-- Data extracts follows --
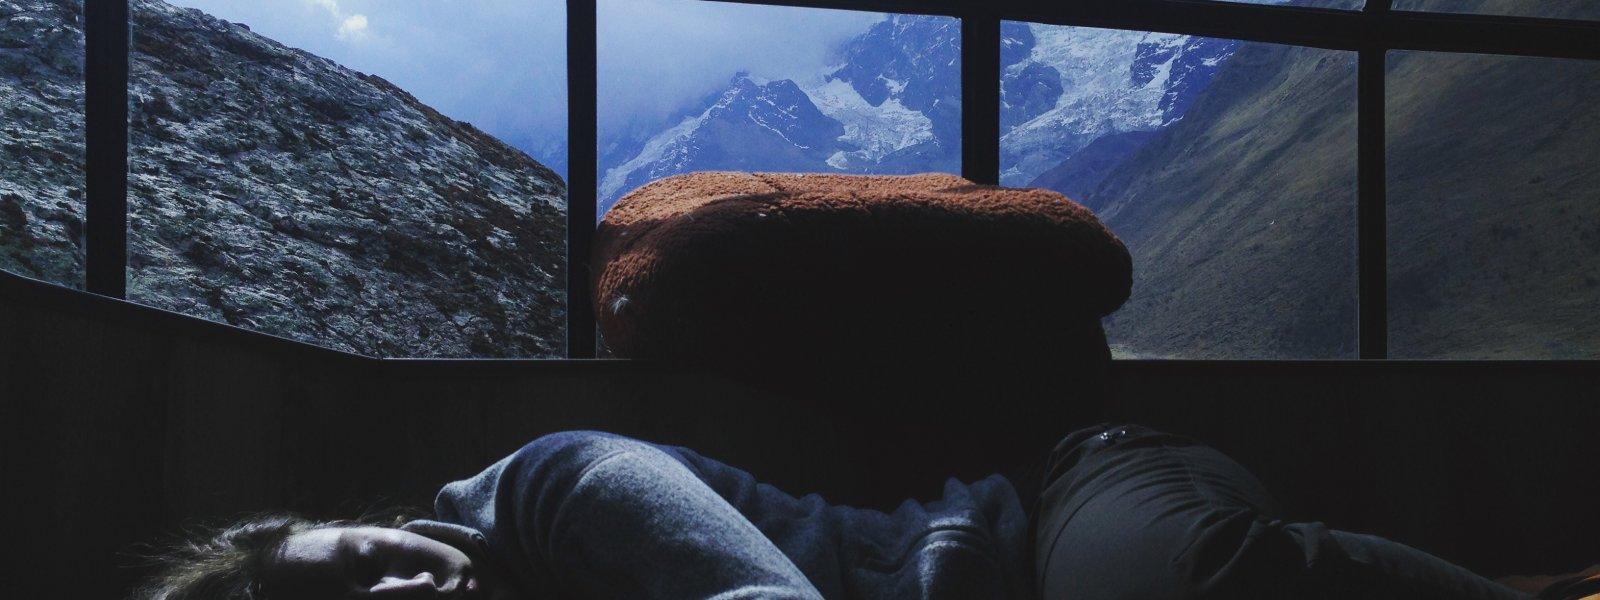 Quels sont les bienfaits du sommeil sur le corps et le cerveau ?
-- Data extracts concluded --
-- Data extracts follows --
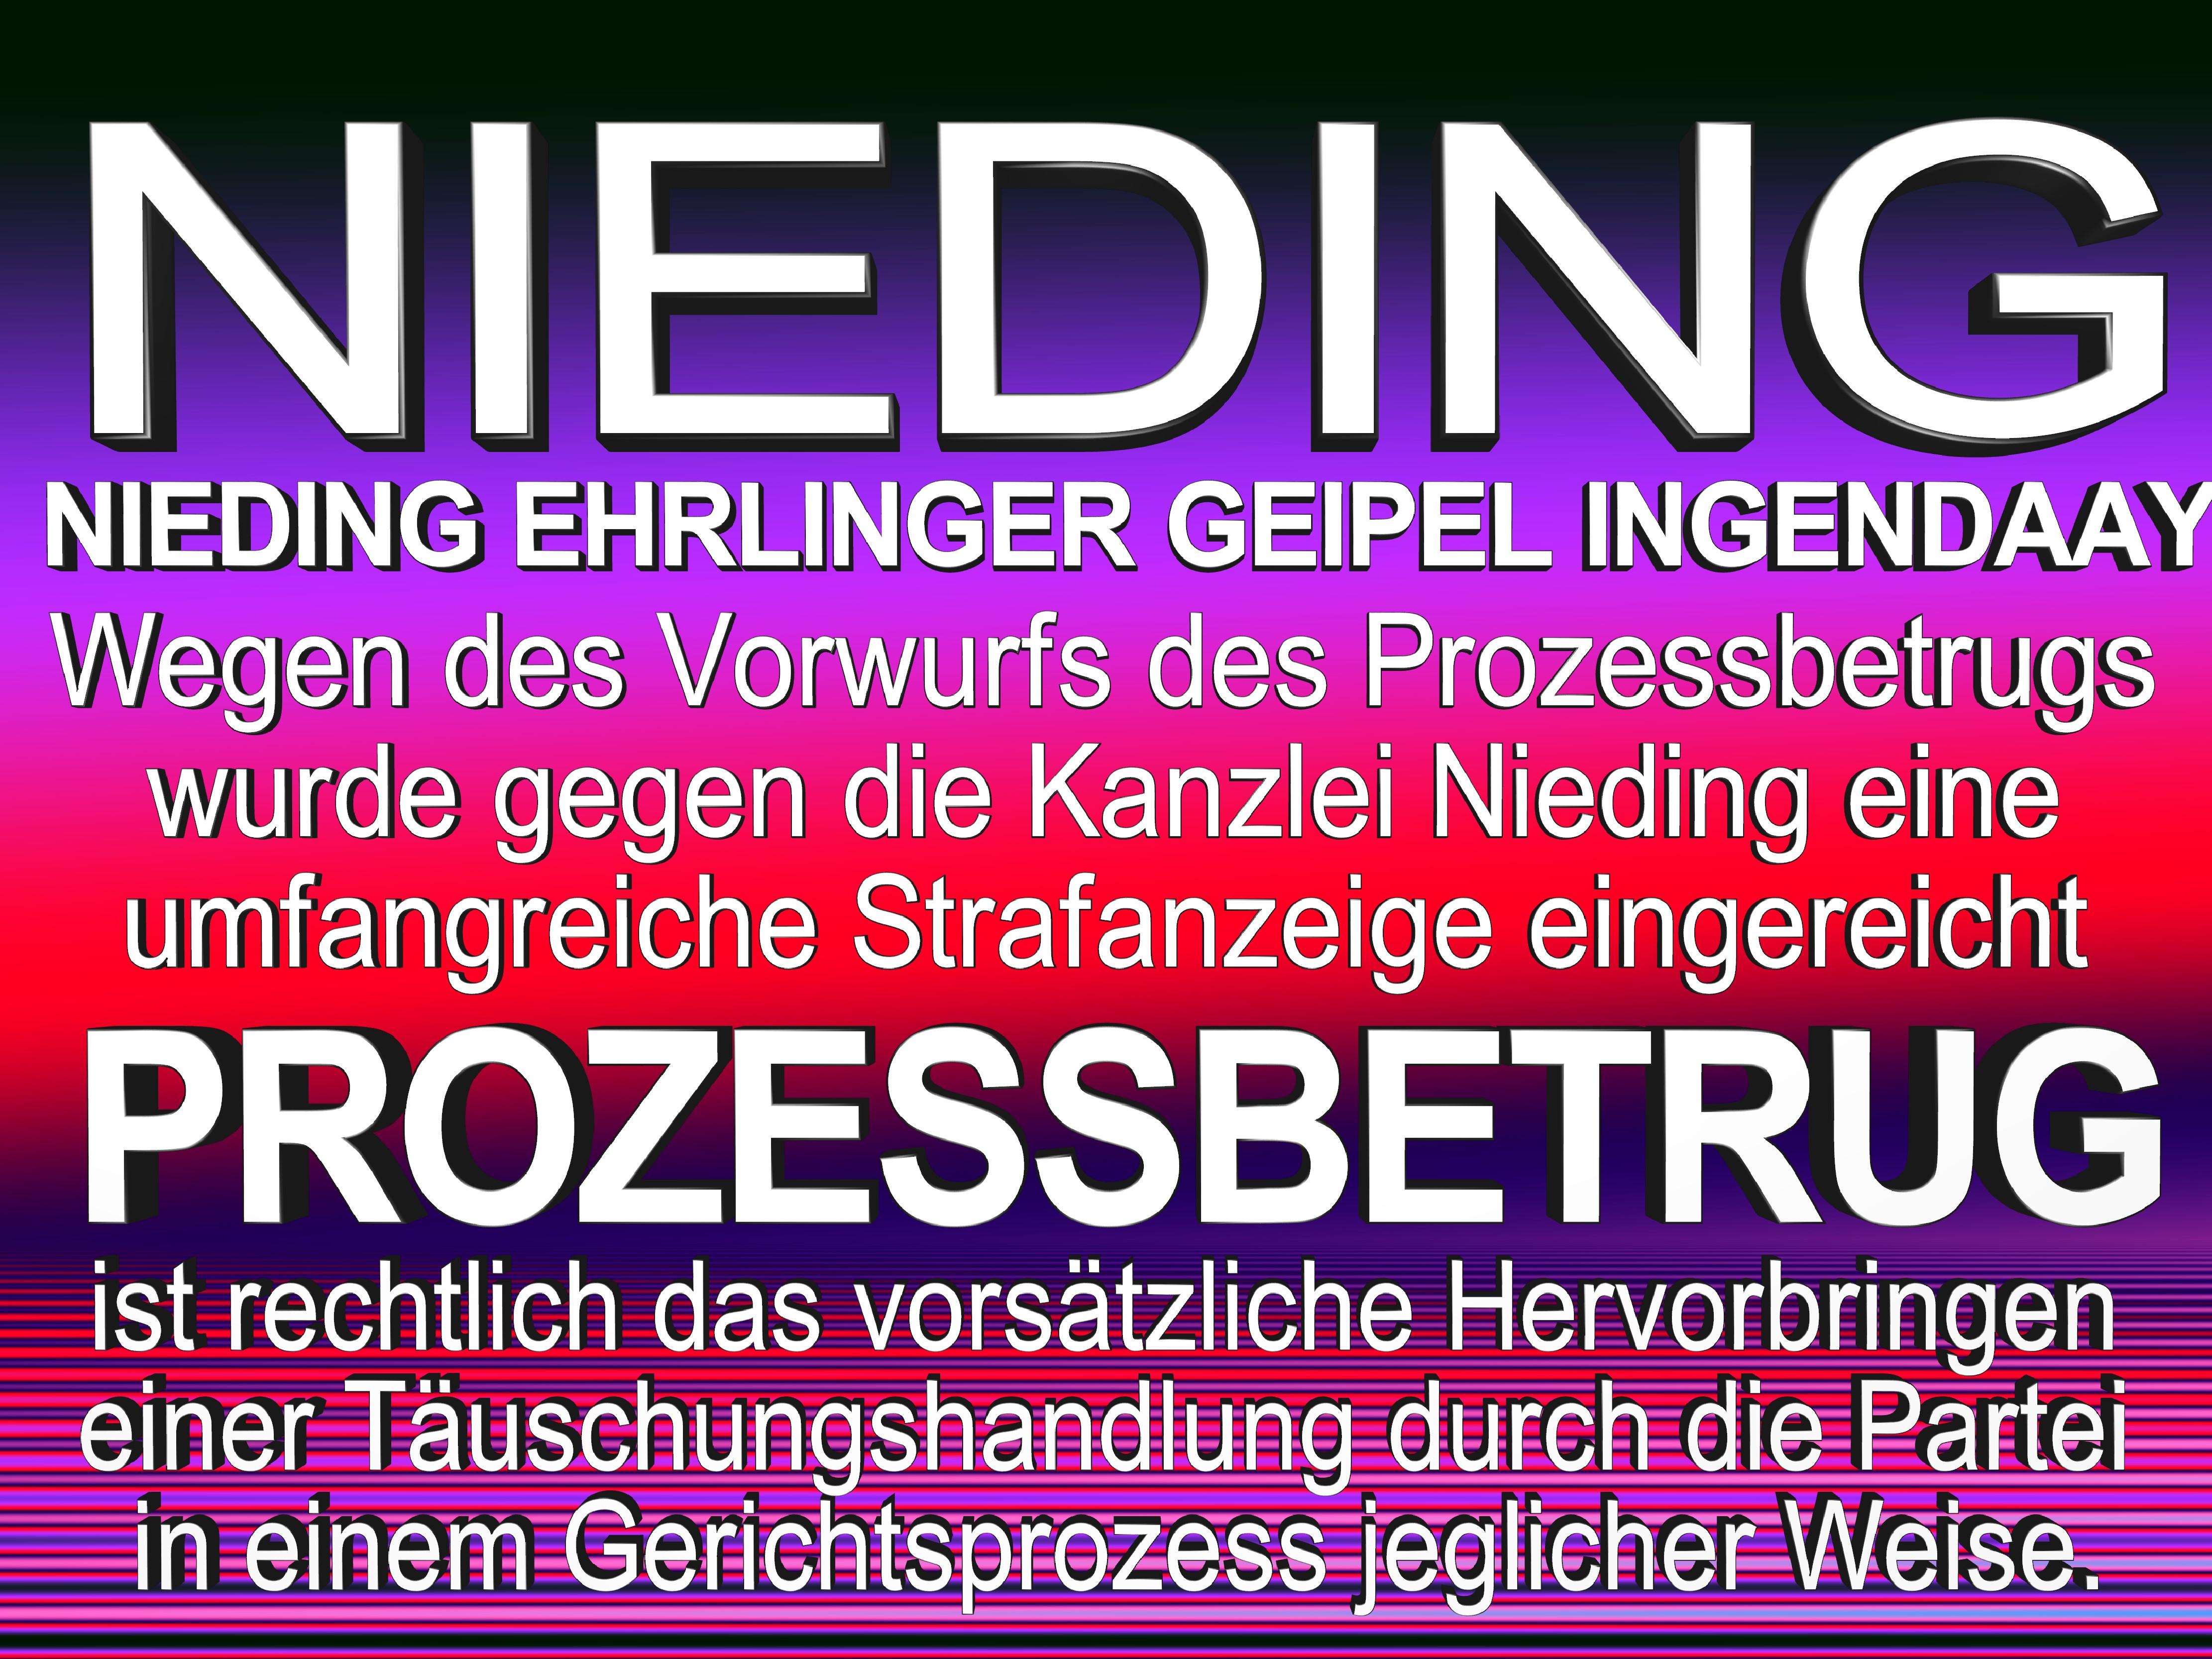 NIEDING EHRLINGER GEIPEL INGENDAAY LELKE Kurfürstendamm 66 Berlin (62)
-- Data extracts concluded --
-- Data extracts follows --
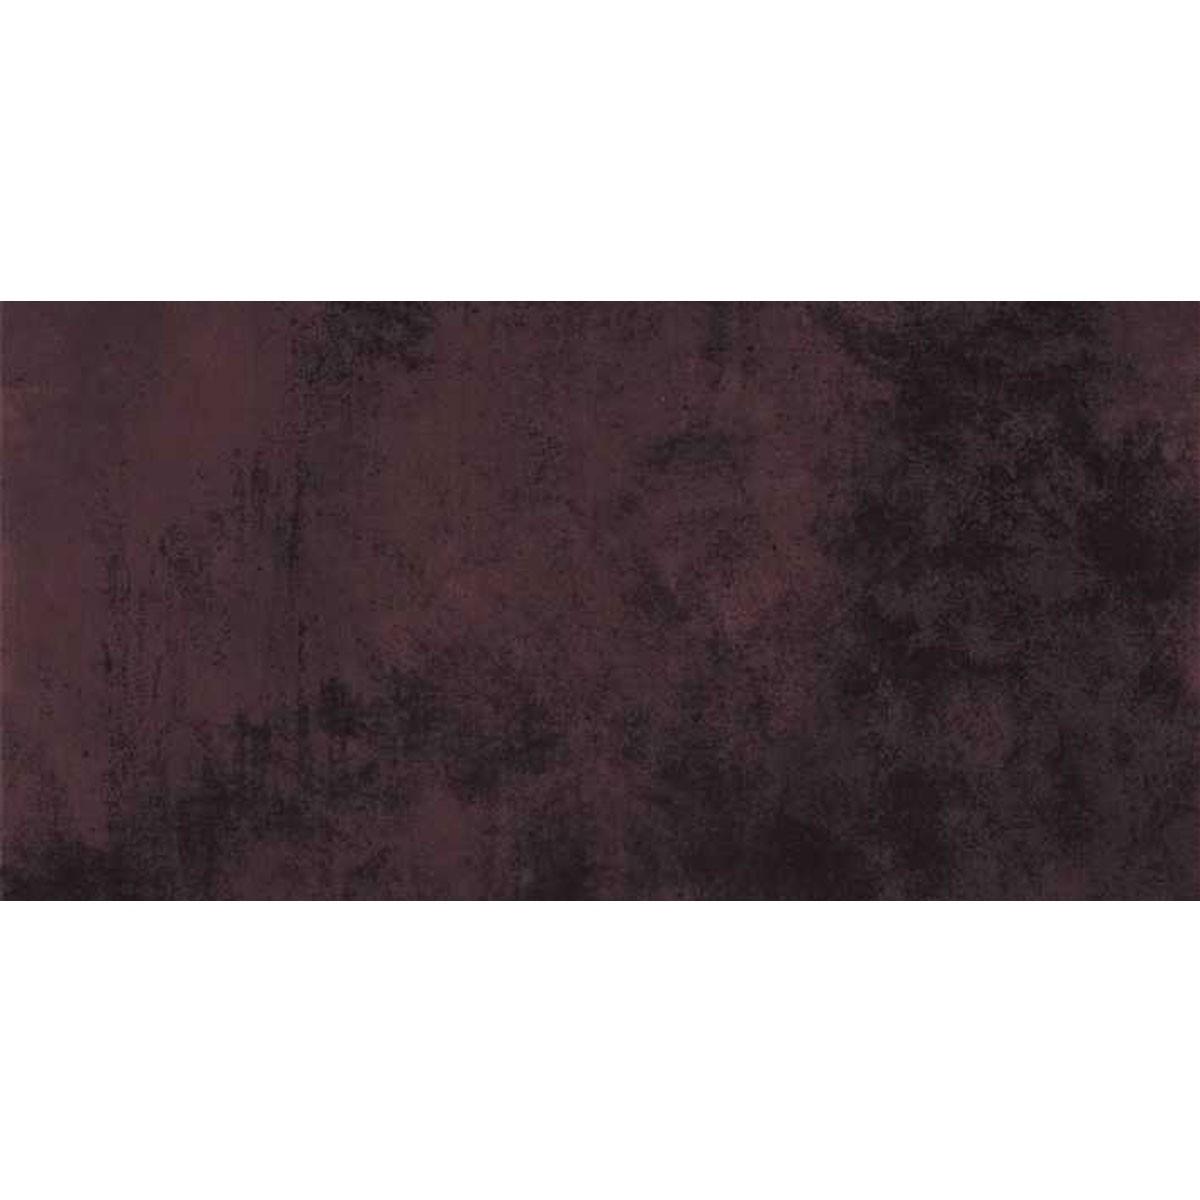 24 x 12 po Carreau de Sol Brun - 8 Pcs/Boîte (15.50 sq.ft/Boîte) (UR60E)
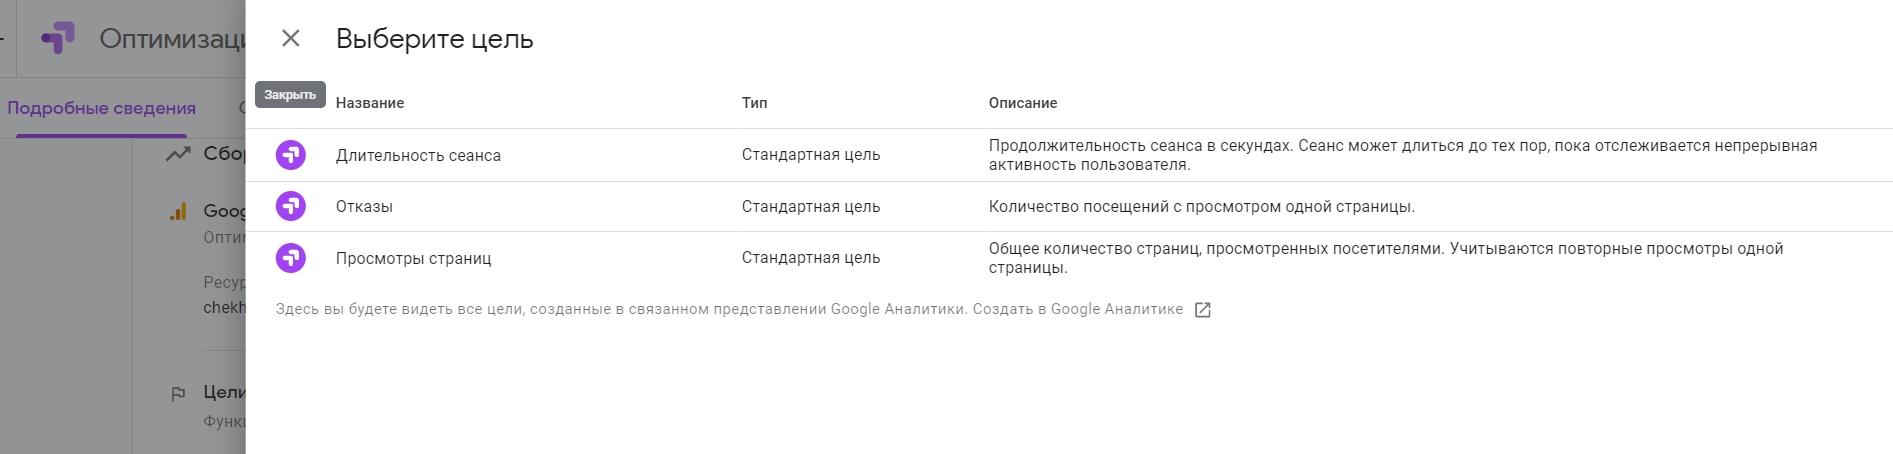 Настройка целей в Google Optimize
-- Data extracts concluded --
> **What you are asked to do**
Word for word, retype the lines in the entries above that run from the one with "24 x 12 po Carreau" through the one with "Настройка целей в Google Optimize". Both ends count; pictures do not.

> **Result for this exercise**
 24 x 12 po Carreau de Sol Brun - 8 Pcs/Boîte (15.50 sq.ft/Boîte) (UR60E)
 Настройка целей в Google Optimize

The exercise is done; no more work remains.